> [Problem to solve]
Everything from the line containing "latest vehicle design concepts from RCA" through the final line below must be output exactly, both ends included, with nothing else and no pictures.

> [Recorded data]
....................

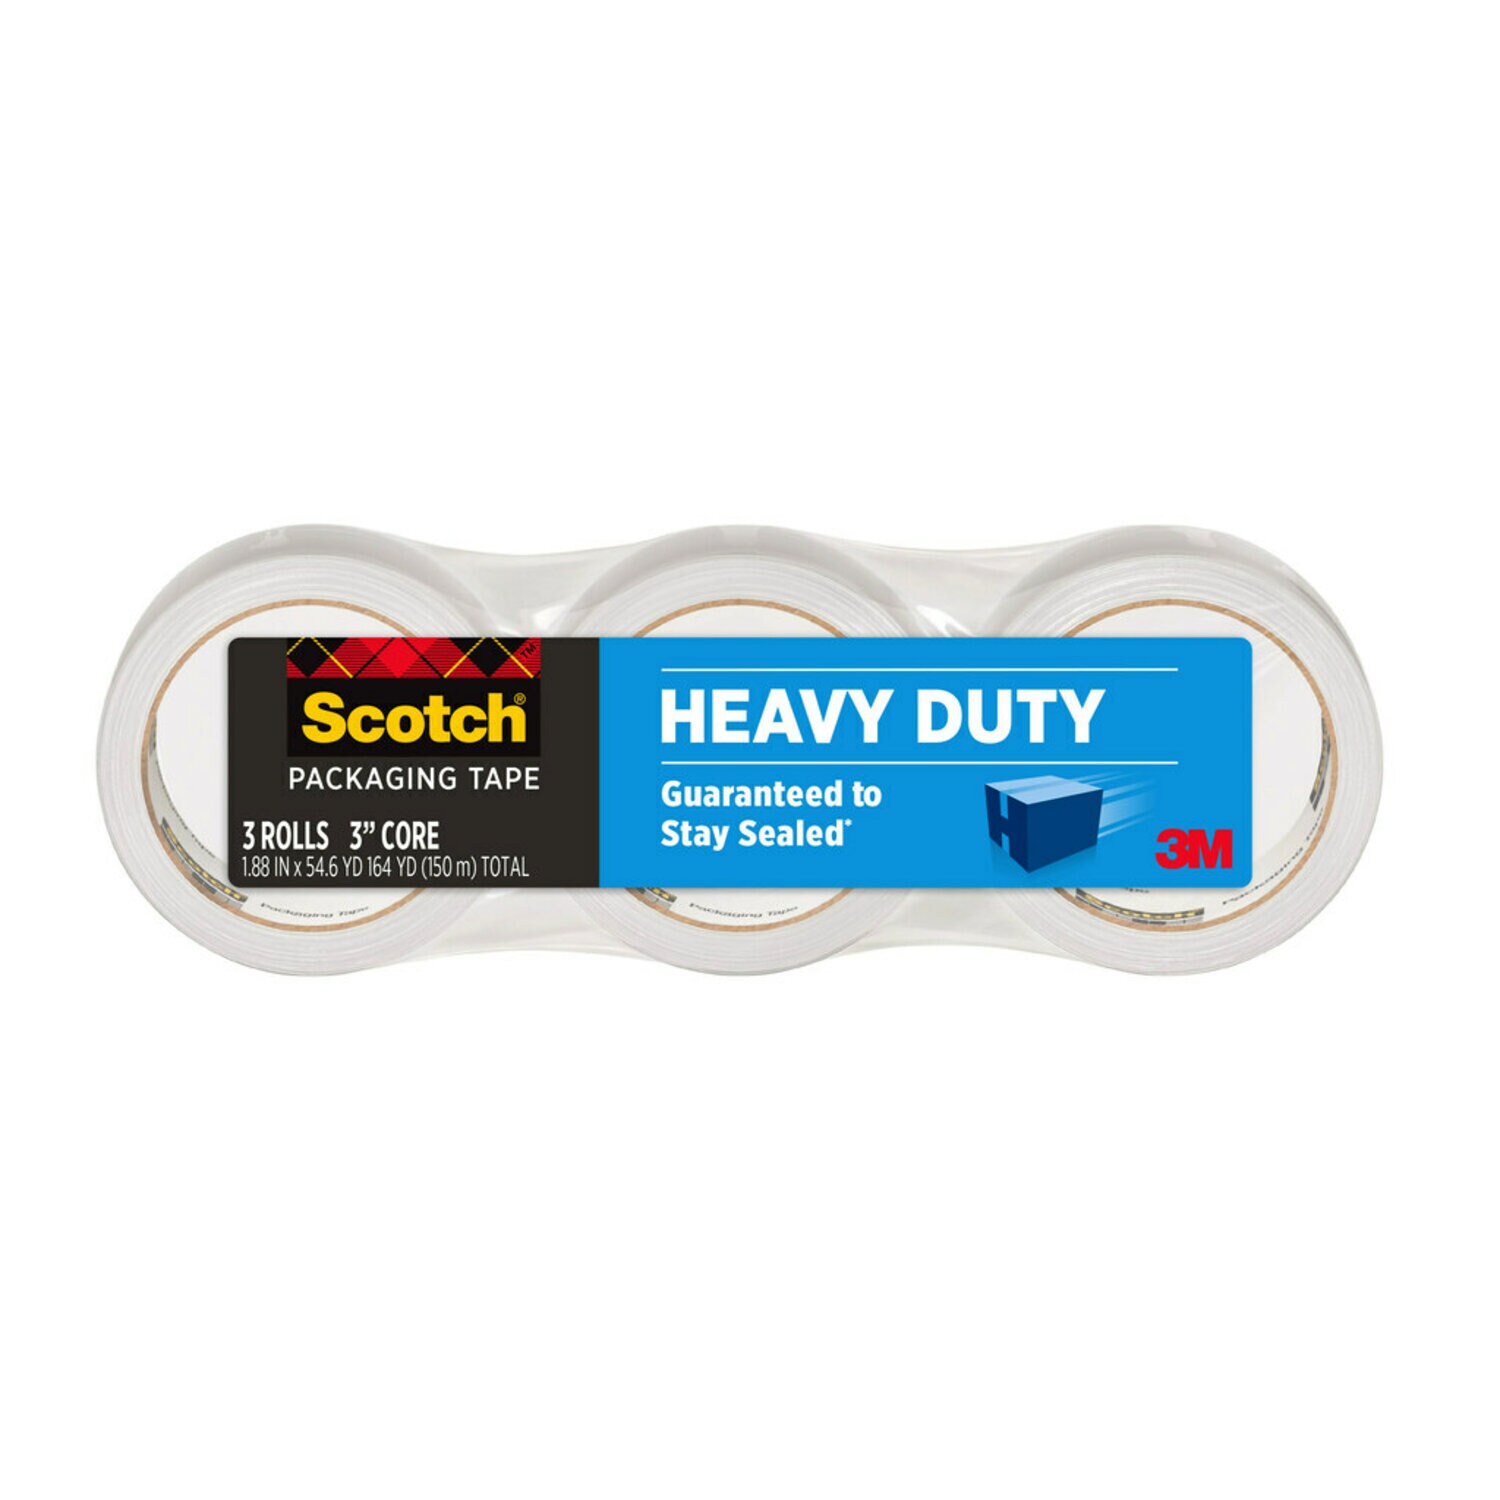 7100102380 - Scotch Heavy Duty Shipping Packaging Tape 3850-3, 1.88 in x 54.6 yd.
(48 mm x 50 m), 3/Pack
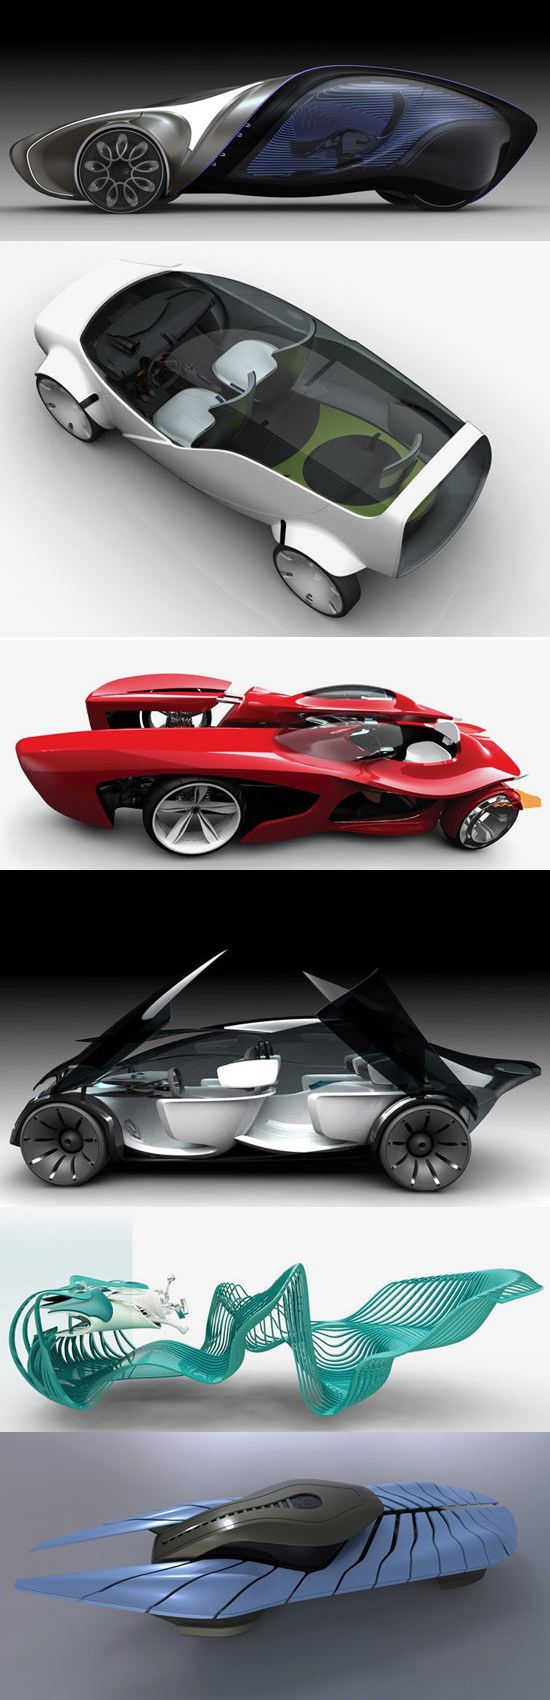 latest vehicle design concepts from RCA
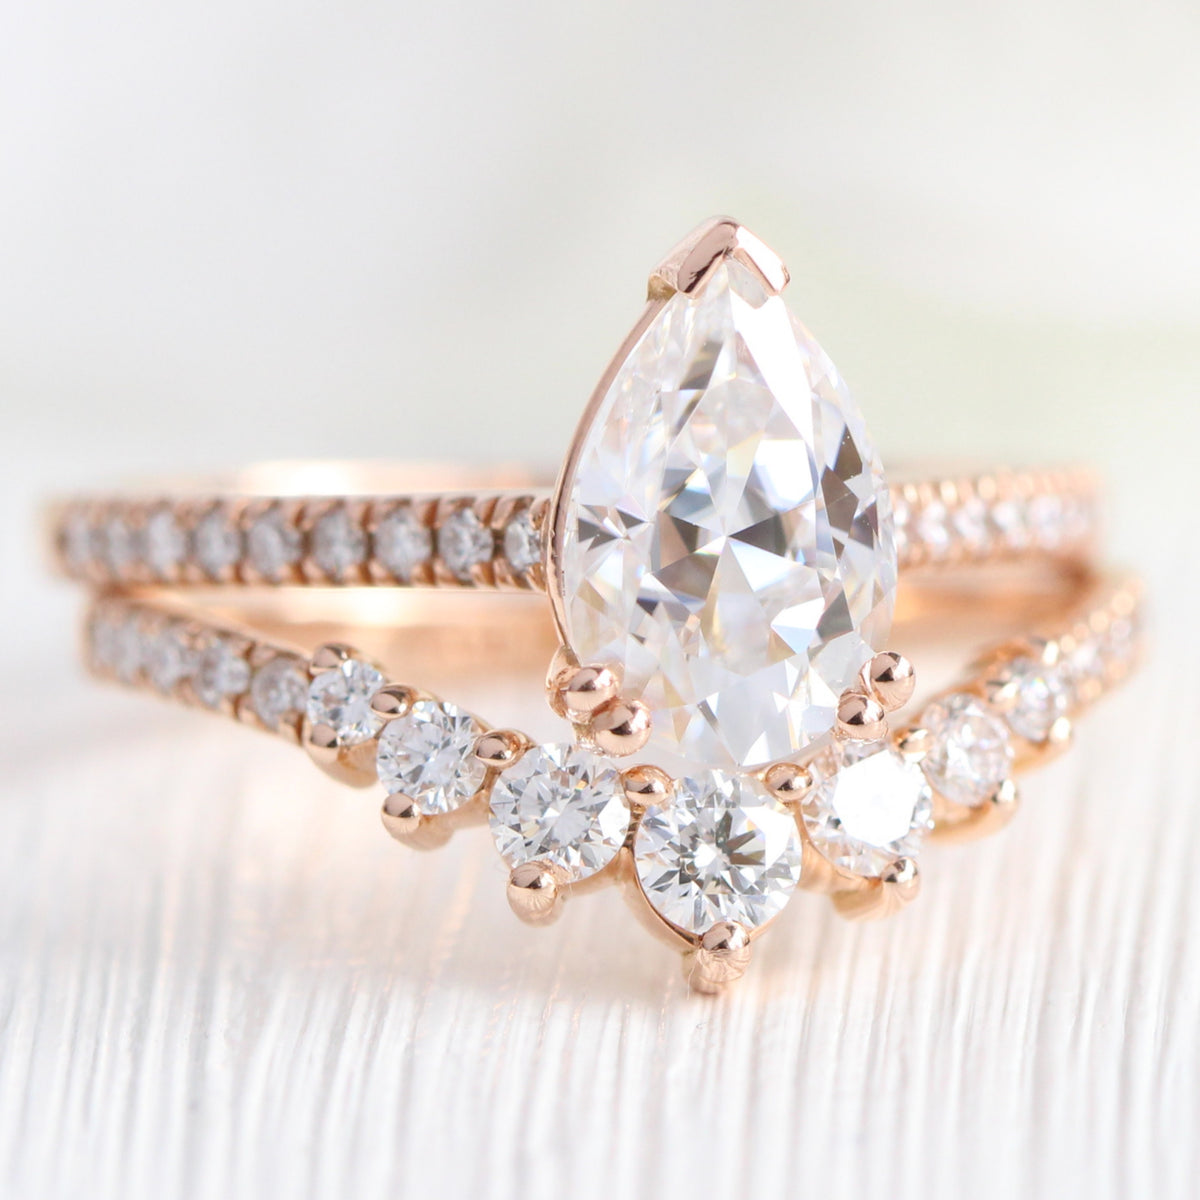 Pear moissanite solitaire ring rose gold curved diamond wedding ring set la more design jewelry

....................

> [Task output]
 latest vehicle design concepts from RCA
 Pear moissanite solitaire ring rose gold curved diamond wedding ring set la more design jewelry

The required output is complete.